Izumi prepares Ed for either Dante or Dad being behind it all. Wrath and Lust talk about "she" and "her" when referring to their Master. Let's see if that's enough for him.

Dante's statement about what she did to Hohenheim: "I broke the union of his soul, his mind, and his body. He's as good as dead." I don't quite follow this, but perhaps more on this will be forthcoming—we have to be seeing more of that Gate.

Episode 47, "Sealing the Homunculus": In which Wrath kills Lust amid much mother-confusion.

Oh, the mother confusion. It is not nice to mind-fuck Al! And using him as a literal puppet: please let that be the culmination of the stuff-inside-Al, okay?

(Wrath and Al parallel each other here with their mother-confusion; Wrath and Ed will not parallel but complement each other shortly.)

Ed and Al's debate over their responsibility for Sloth. I feel for Al, but Sloth's not a kitten: she's got volition and she doesn't want to be saved. Instead she wants to escape a role that's being forced on her by memories of a person she never was—which I thought was pretty interesting, actually, and all the more resonant because the role is that of mother (at least to the Elric brothers; she doesn't seem to mind being a mother-figure to Wrath), which is a loaded issue generally and in the series.

Sloth and Lust end up as opposites despite their superficial similarities, and both come to their ends through Wrath's reaction to those opposites. Wrath gets Lust into her own circle and kills her because she betrayed the H-Team generally and Sloth particularly; and then his utterly unhealthy, confused-son devotion to Sloth leads to her destruction when he gets too close. A moral lesson in under a minute: some things can't and shouldn't be held on to, even if that's all you think you have to live for.

So the thing they created when they tried to resurrect their mother was fed Stones and brought home by Dante, to gain a human-looking body and become Sloth. I guess I can see that neither of the brothers would want to ask if anyone had cleaned up that room. This also makes a little more sense of the limited number of Homunculi, as not everyone would do that for their Things (I'm going to put down the suggestion that the Homunculi are limited in number to seven as either a slight inconsistency or imperfect information on the part of whichever Homunculi said it back in the early 30s).

Finally, does ethanol really evaporate at that rate?

Episode 48: "Goodbye": In which Sloth dies and the pieces move into endgame.

(Okay, I'm guessing, but it sure looks like endgame to me, here on episode 48 of 51.)

Trisha Elric's memories (?) speaking as Sloth is dissolving: "Nice job, sweetheart.
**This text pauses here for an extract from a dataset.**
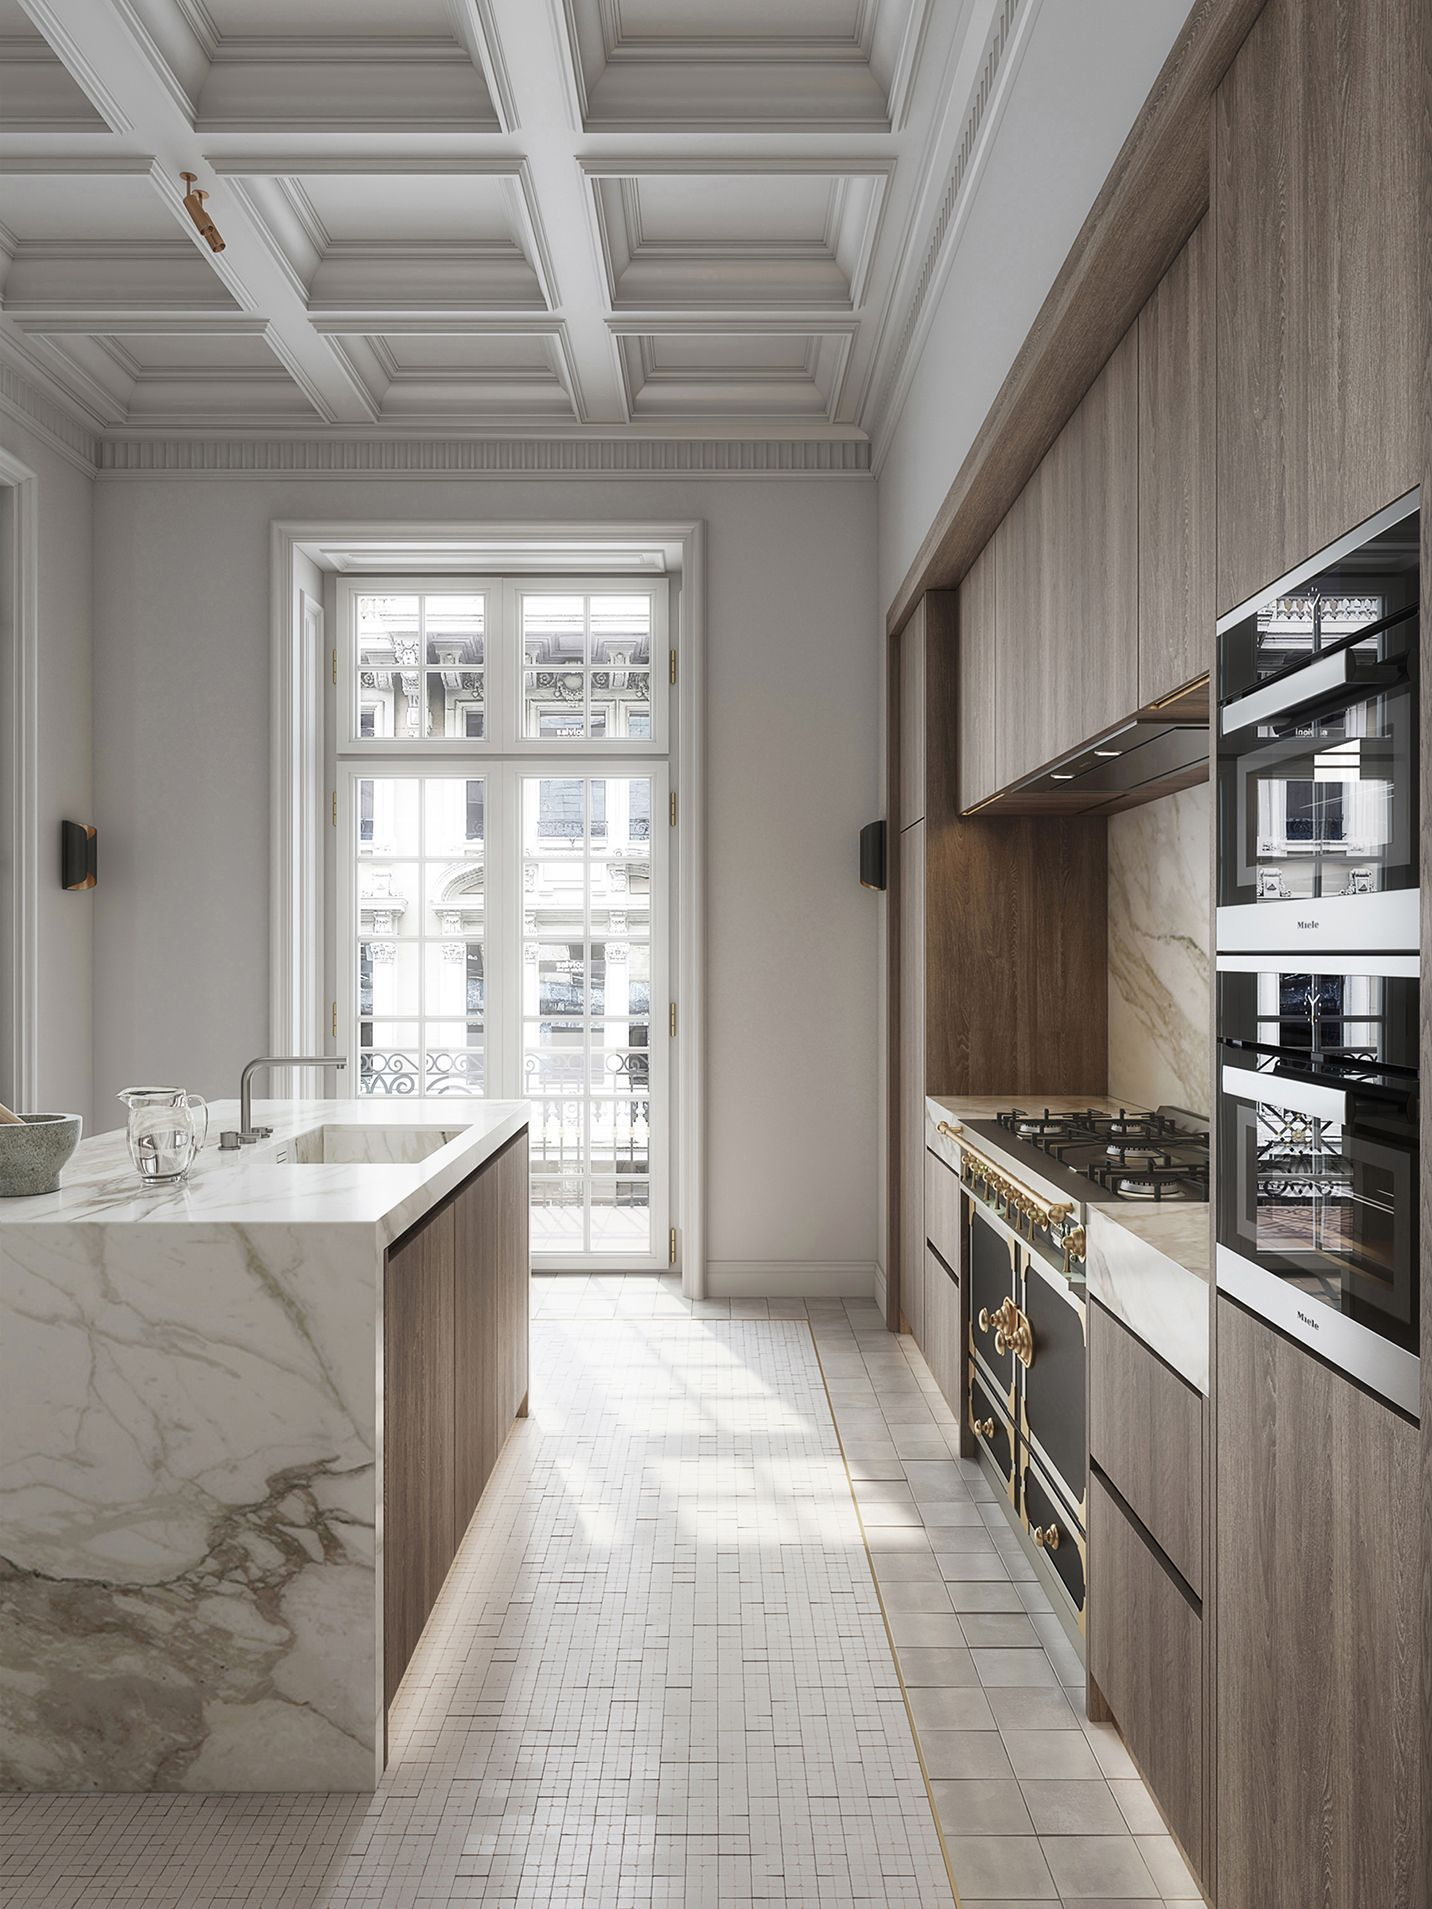 Quadri Cucina Leroy Merlin cucina moderna settembre 2020

Clean up after yourselves and take care of each other." Well, whatever the source, the advice isn't bad.

Envy suggests to the brothers that the one pulling the strings is their Dad. Ed shouldn't believe this because of Lust & Wrath referring to "her" and "she" in a much less manipulative context, but OTOH he has Father Issues, so we'll see.
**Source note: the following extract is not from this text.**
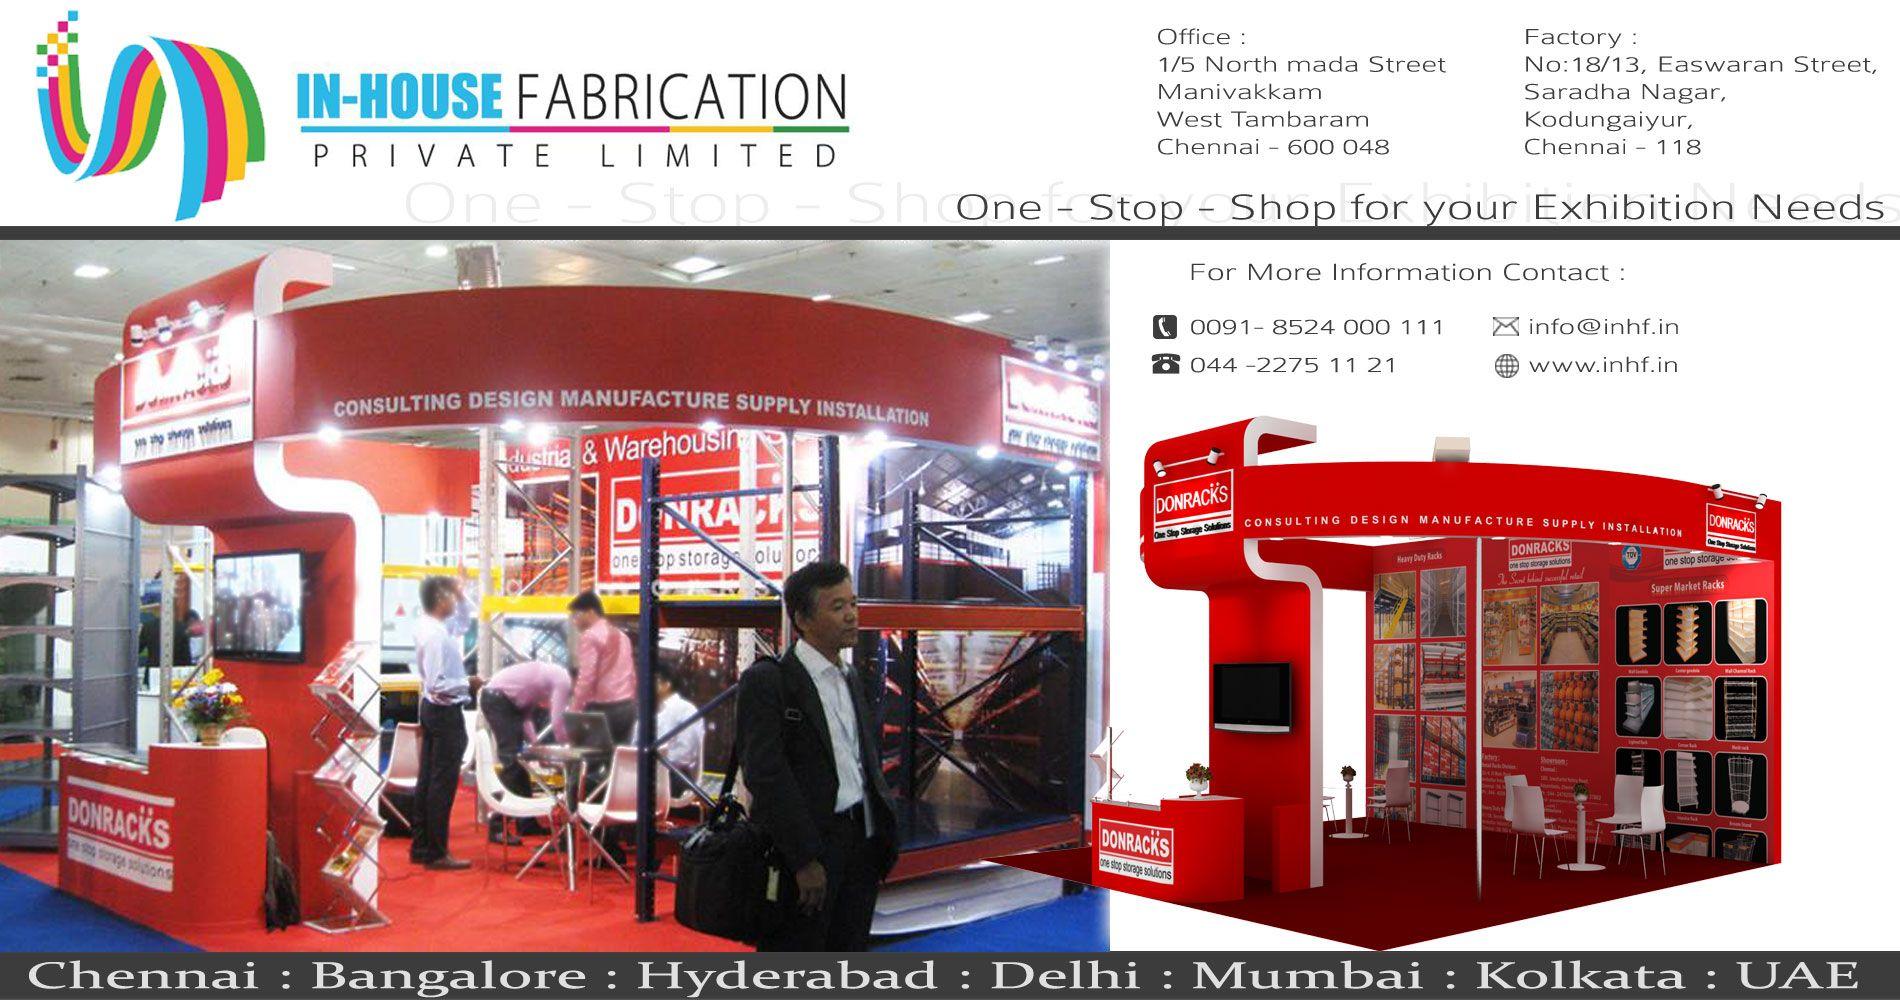 Exhibition Stall Fabricators In Chennai : Interior designing company in chennai valo i

Ed and Al separated again, as Envy kidnaps him. Then Izumi shows up (yay!) and Wrath, completely unhinged, runs after Envy and Al to try and resurrect Sloth.

Ed comments on how Wrath cries when he doesn't; more tying-together, complementary rather than parallel. Ed says that Sloth was the embodiment of his sin, as Wrath is Izumi's, and Tucker's soulless doll is his; Izumi tells him he's really grown up. Ed said he thought he'd grown up after being certified, but he had a long way to go. (More on this below.)

Is there anyone who's not going to come back? The Tringhams show up to give us a little bit of comic relief and to provide a handy-dandy note to Ed with some information about Central. And then there's the Terminator, excuse me, Archer.

In the north, we have the coup that is and isn't really a coup. I like the plan, but eek, this is risky. (Also, that Mustang's going to crash a child's birthday party fills me with thematic foreboding.)

Mustang inna suit! And he and Ed are actually talking, woo. Children hope to accomplish their dreams no matter what the cost or what means are needed; adults know better and give up their dreams to fix what's in front of them. Including the Homunculi, who are not intrinsically evil but are reflections of their creators. By this standard, Al and Wrath are both still children; Ed is not.

Here I'm nodding along, this is all great, and then wham: Ed wants to destroy the Stone? Al's the Stone! Is he going to kill his brother?! And how is he going to destroy it so that its whole existence is erased from mankind's memory?

Gah. This show is eating my brain, I tell you.

Okay, endgame setup:

Fuhrer's residence: Mustang and Hawkeye going after Pride, armed with plans of his house.

Central: Ed, on his way back, armed with information from the Tringhams. Izumi and Archer, fighting in the public building. Dante, Gluttony, and Rose, in the hideout. Envy, Al, probably Wrath, on their way back to the hideout. (The Tringhams, Ross, and Brosh should be on their way out.)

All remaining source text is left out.